Centrífuga a 4000 vezes G e 4 graus Celsius por 10 minutos. Em seguida, transfira o supernascer para um novo tubo certificando-se de coletar 20 microliters da amostra para controle de qualidade. Transfira a amostra limpa e reconstituída para as contas preparadas streptavidin agarose.
Incubar a quatro graus Celsius com rotação suave durante a noite. Gire as contas a 4000 vezes G por cinco minutos. Transfira o supernante para um novo tubo certificando-se de coletar 20 microliters da amostra para controle de qualidade.
Lave as contas com 10 mililitros de tampão de lavagem A.Incubar com rotação suave a 12 rpm e em temperatura ambiente por 10 minutos. Em seguida, gire as contas a 4000 vezes G por cinco minutos. Retire o supernatante e repita o processo de lavagem e centrifugação mais uma vez.
Repita este processo de lavagem para o tampão de lavagem B e o tampão de lavagem C conforme descrito no protocolo de texto. Depois disso, lave as contas com 10 mililitros de 50 mililitros tris. Gire as contas a 4000 vezes G por cinco minutos.
Remova o supernatante e divida as contas uniformemente entre dois tubos de microcentrifuuagem de 1,5. Para começar a iludir as RNPs capturadas, adicione 400 microliters de tampão de eluição de biotina preparado a 400 microliters de contas lavadas e assentadas. Incubar em um agitador orbital a 1500 rpm à temperatura ambiente por 20 minutos.
Em seguida, incubar em um agitador orbital com um bloco de calor a 1500 rpm e 65 graus Celsius por 10 minutos. Centrifugar as contas a 7800 vezes G por um minuto e coletar o RNP iludido. Adicione 400 microliters de tampão de elução de biotina fresco às contas.
Repita o processo de incubação e centrifugação para coletar um segundo elto e combinar os dois elutes em um único tubo de 15 mililitros.

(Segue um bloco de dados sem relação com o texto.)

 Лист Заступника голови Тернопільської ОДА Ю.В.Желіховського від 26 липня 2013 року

Em seguida, adicione três volumes de tampão de diluição aos elutes RNP combinados para diminuir a concentração de SDS. Usando um tubo de filtração ultra de 0,5 mililitro, concentre a amostra em cerca de 40 microliters conforme descrito no protocolo de texto.
Adicione 0,5 microgramas por microliter RNase A e incubar a 37 graus Celsius por duas horas para liberar RBPs de RNase intercedente. Colete dois microliters de RBPs para controle de qualidade. Ao otimizar os protocolos CARIC, as etapas de controle de qualidade são críticas.

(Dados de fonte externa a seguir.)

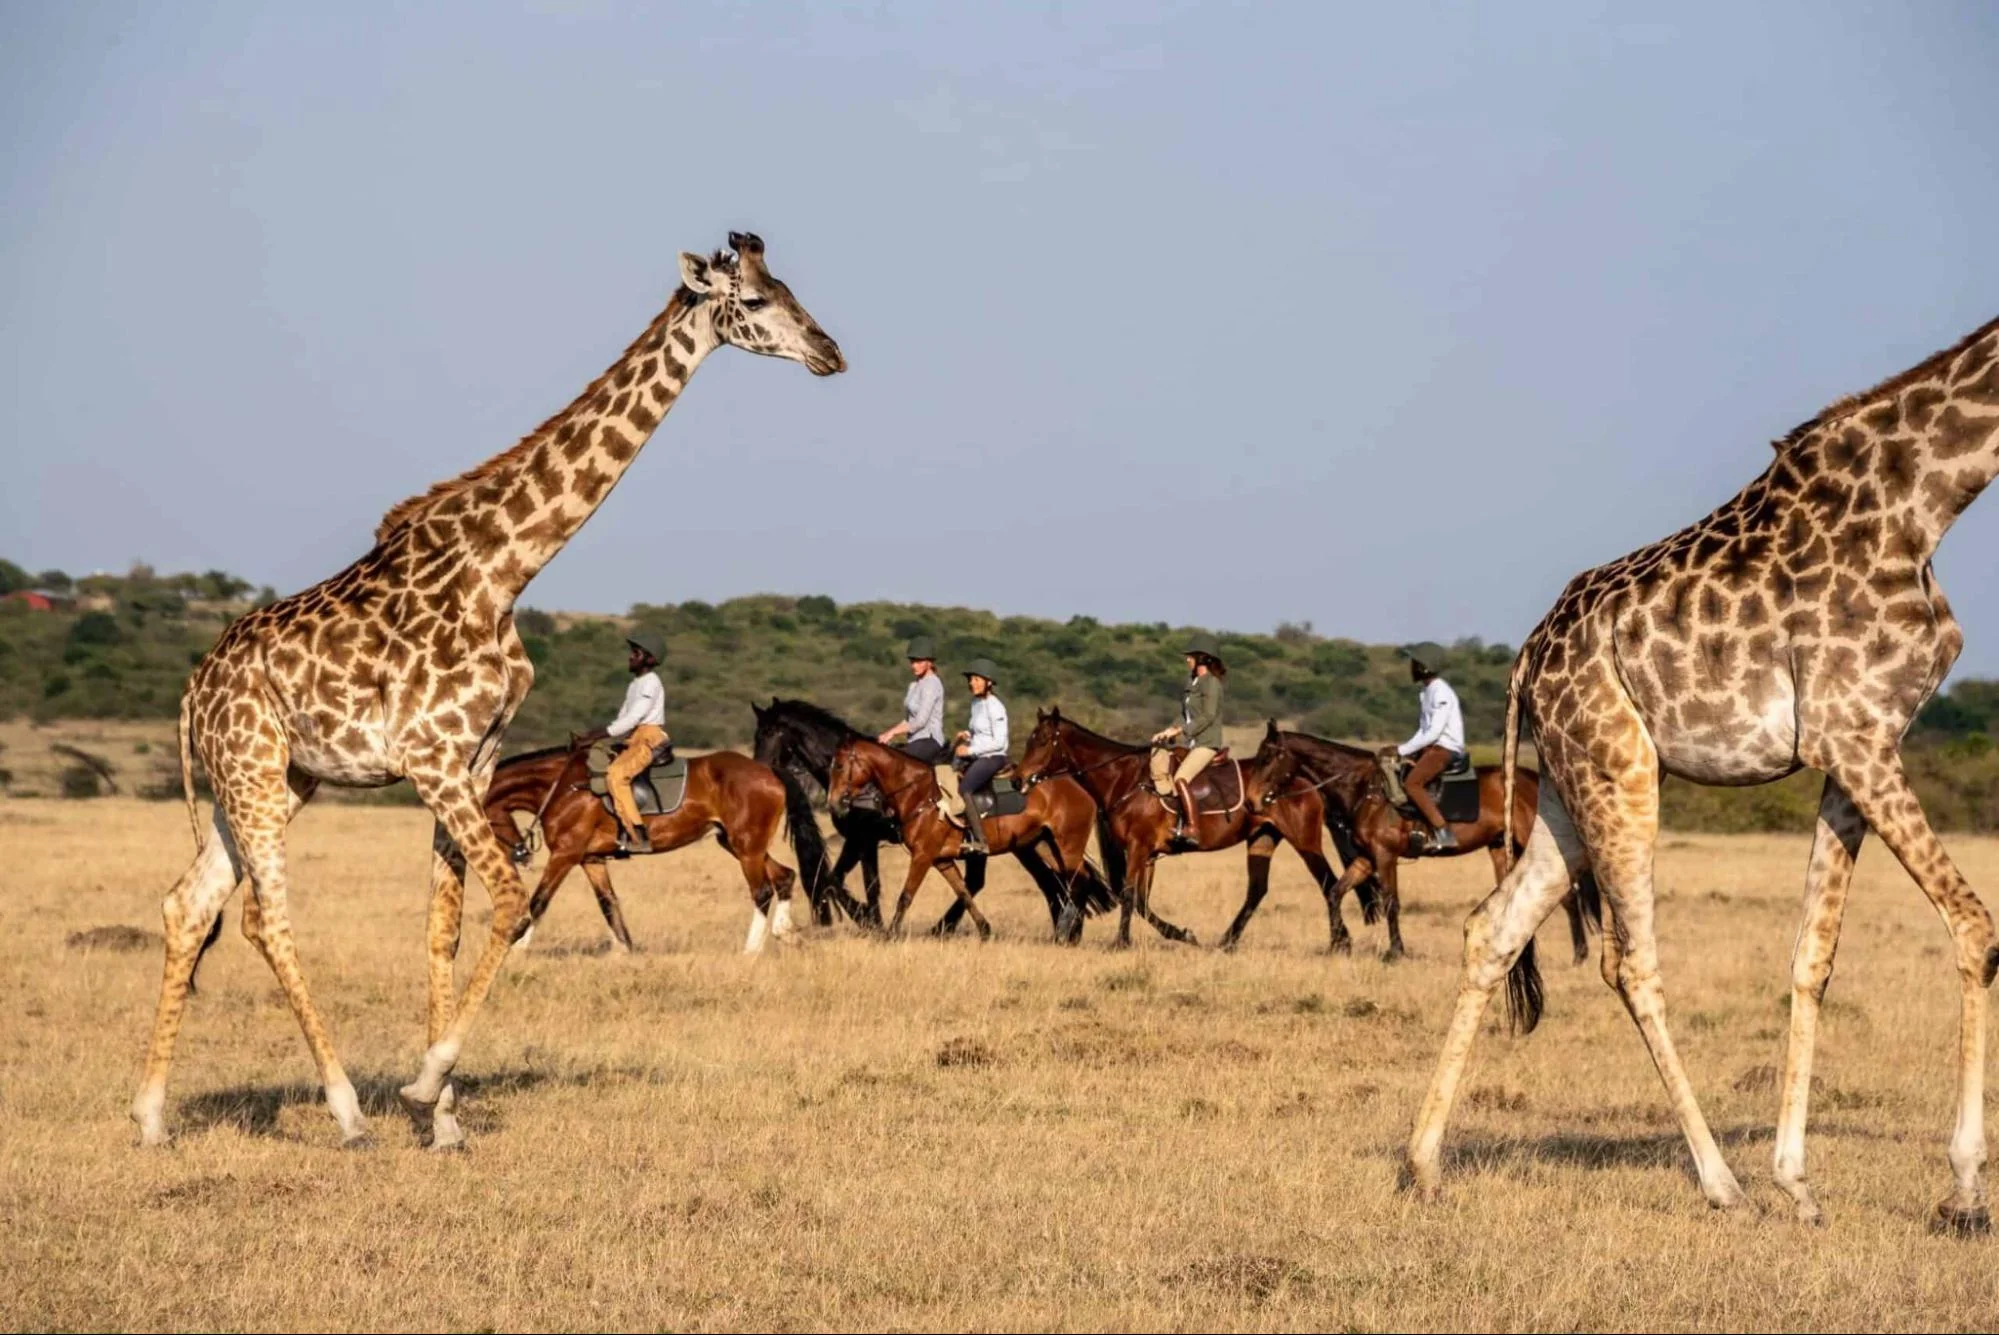 Kenya safari august - guests on a horseback riding safari in Kenya

O controle de qualidade representativo das amostras rotuladas por clique é realizado através de análises de fluorescência em gel. Apenas a amostra duplamente rotulada mostra uma forte faixa de difamação no alto peso molecular que representa o sinal de RNPs transversais. O sinal RNP é abolido por omitir os quatro SU ou a UE. Também pode ser abolido pela digestão com RNase A.In em alguns casos uma banda forte manchada é observada na amostra de controle de quatro SU.
Esta banda representa o RNase não ligado ao cross-linked que irá se degradar durante a innaturação de calor na maioria dos casos. O controle de qualidade da dataficiency da pesquisa de afinidade é avaliado através da análise de manchas ocidentais que mostra os sinais de biotina nas amostras antes da retirada e após a retirada. Uma análise de coloração de prata dos RBPs capturados revela que, para as células HeLa, a eficiência total de captura geral está entre 0,05 e 0,1% das proteínas de entrada.

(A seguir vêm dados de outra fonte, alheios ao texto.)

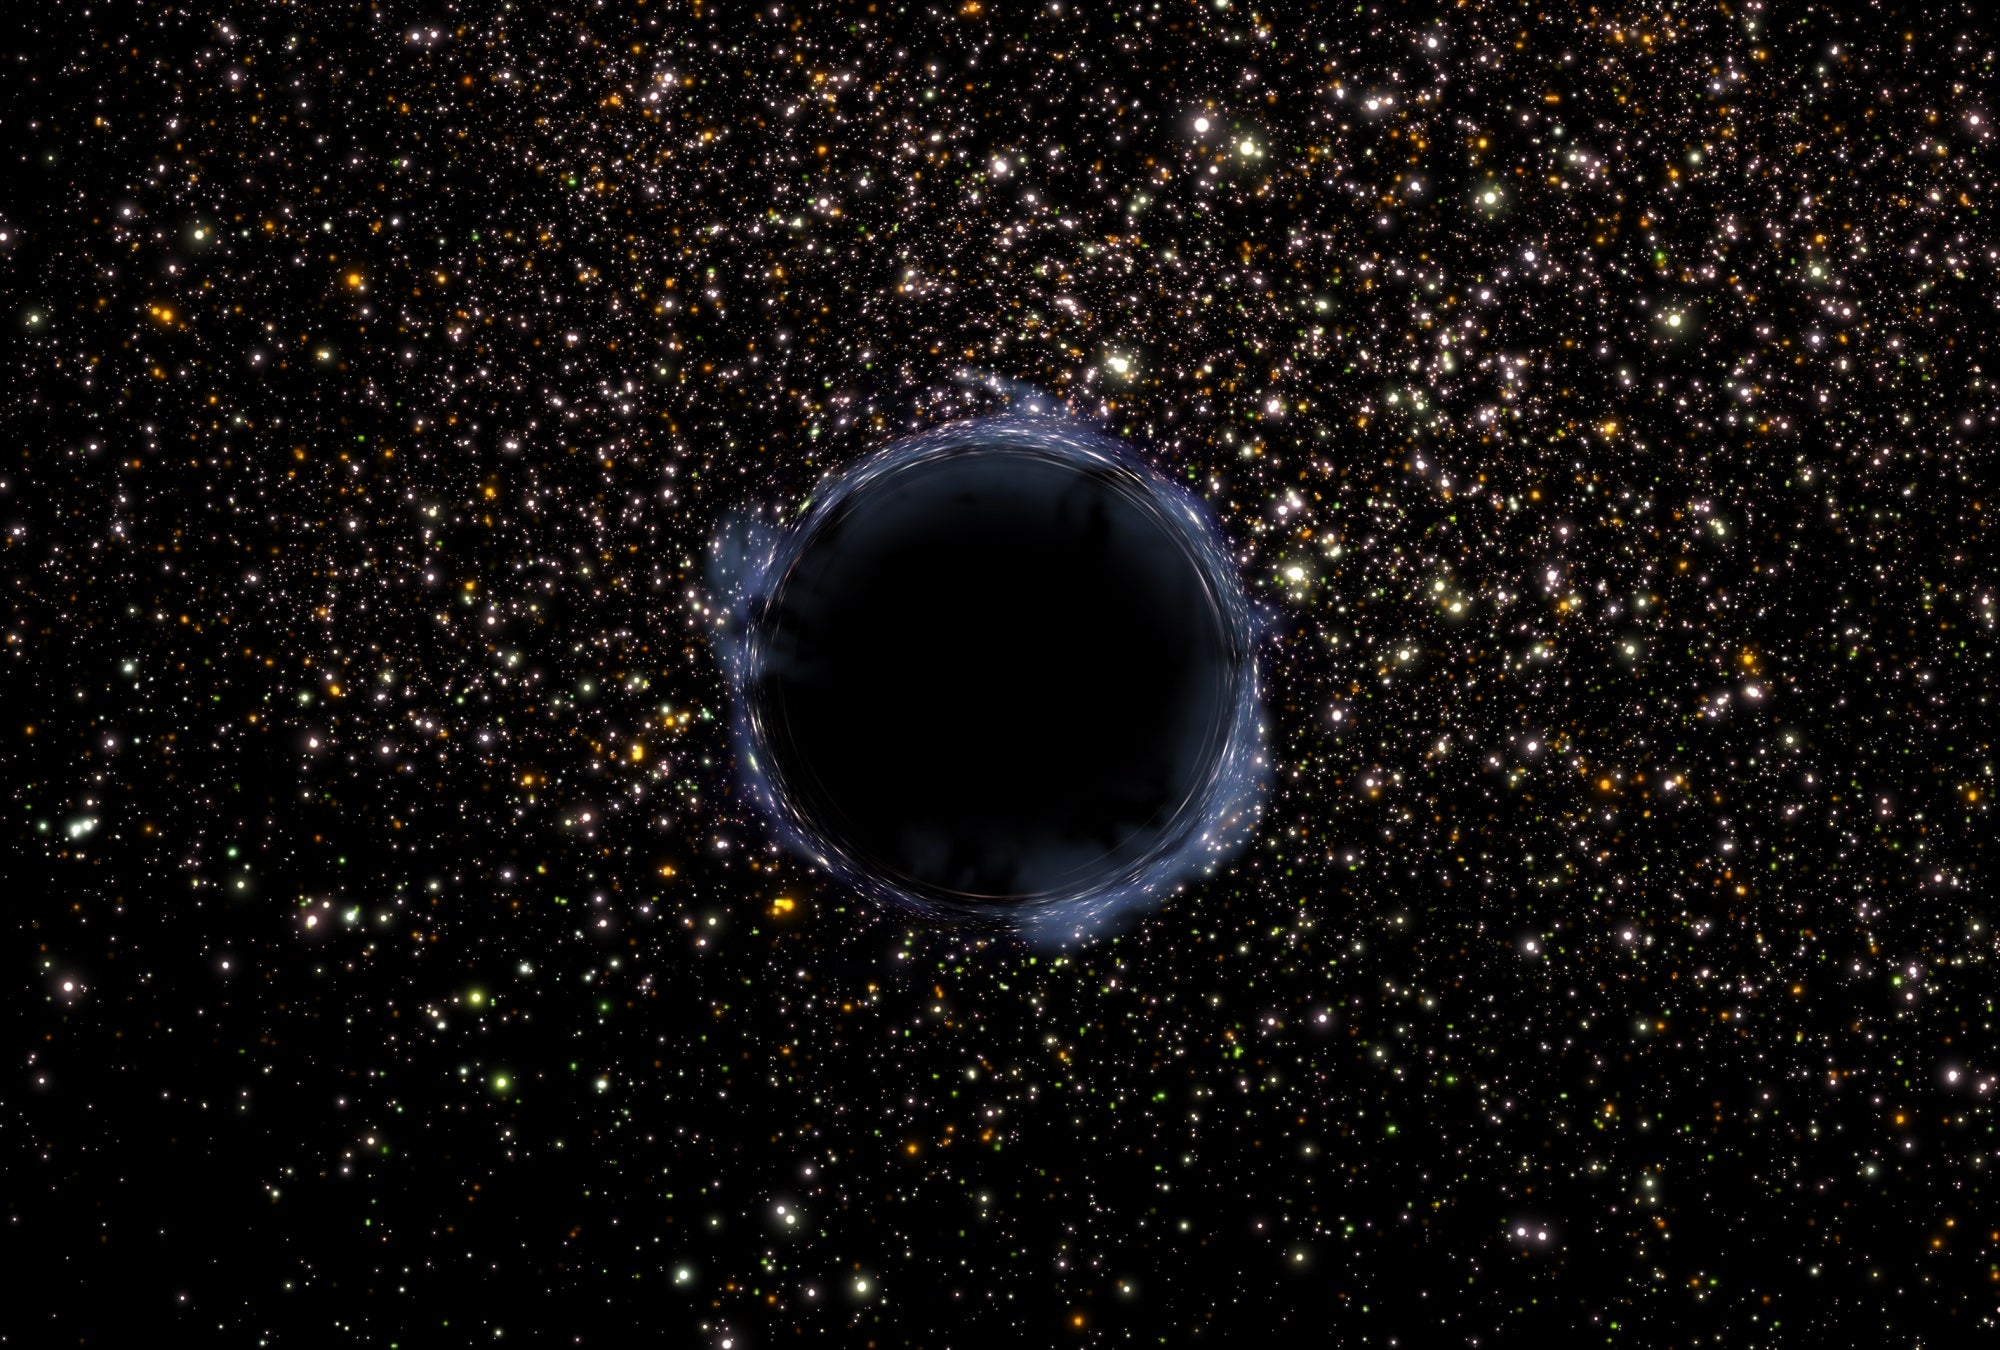 Los “agujeros negros rebeldes” podrían no ser ni “agujeros negros rebeldes” ni “agujeros negros”.  En las profundidades insondables del espacio, existe un enigma que desafía las nociones convencionales sobre los agujeros negros. Los científicos, intrigados por estos misteriosos fenómenos cósmicos, han comenzado a cuestionar la terminología comúnmente aceptada. ¿Son realmente "agujeros negros rebeldes"? ¿Son, de hecho, agujeros negros en absoluto?

Ao tentar este procedimento é importante lembrar que o RNase é sensível às ribonucleases. Mantenha o ambiente experimental o mais limpo possível para reduzir a denadação de RNase. Após este procedimento, a identificação de almake de proteínas usando espectrometria de massa pode ser pré-formada para revelar as proteínas que se ligam ao ferro.
Após seu desenvolvimento, a técnica do CARIC abrirá caminho para uma compreensão mais abrangente da regulamentação de OT de transcrição postal no trabalho.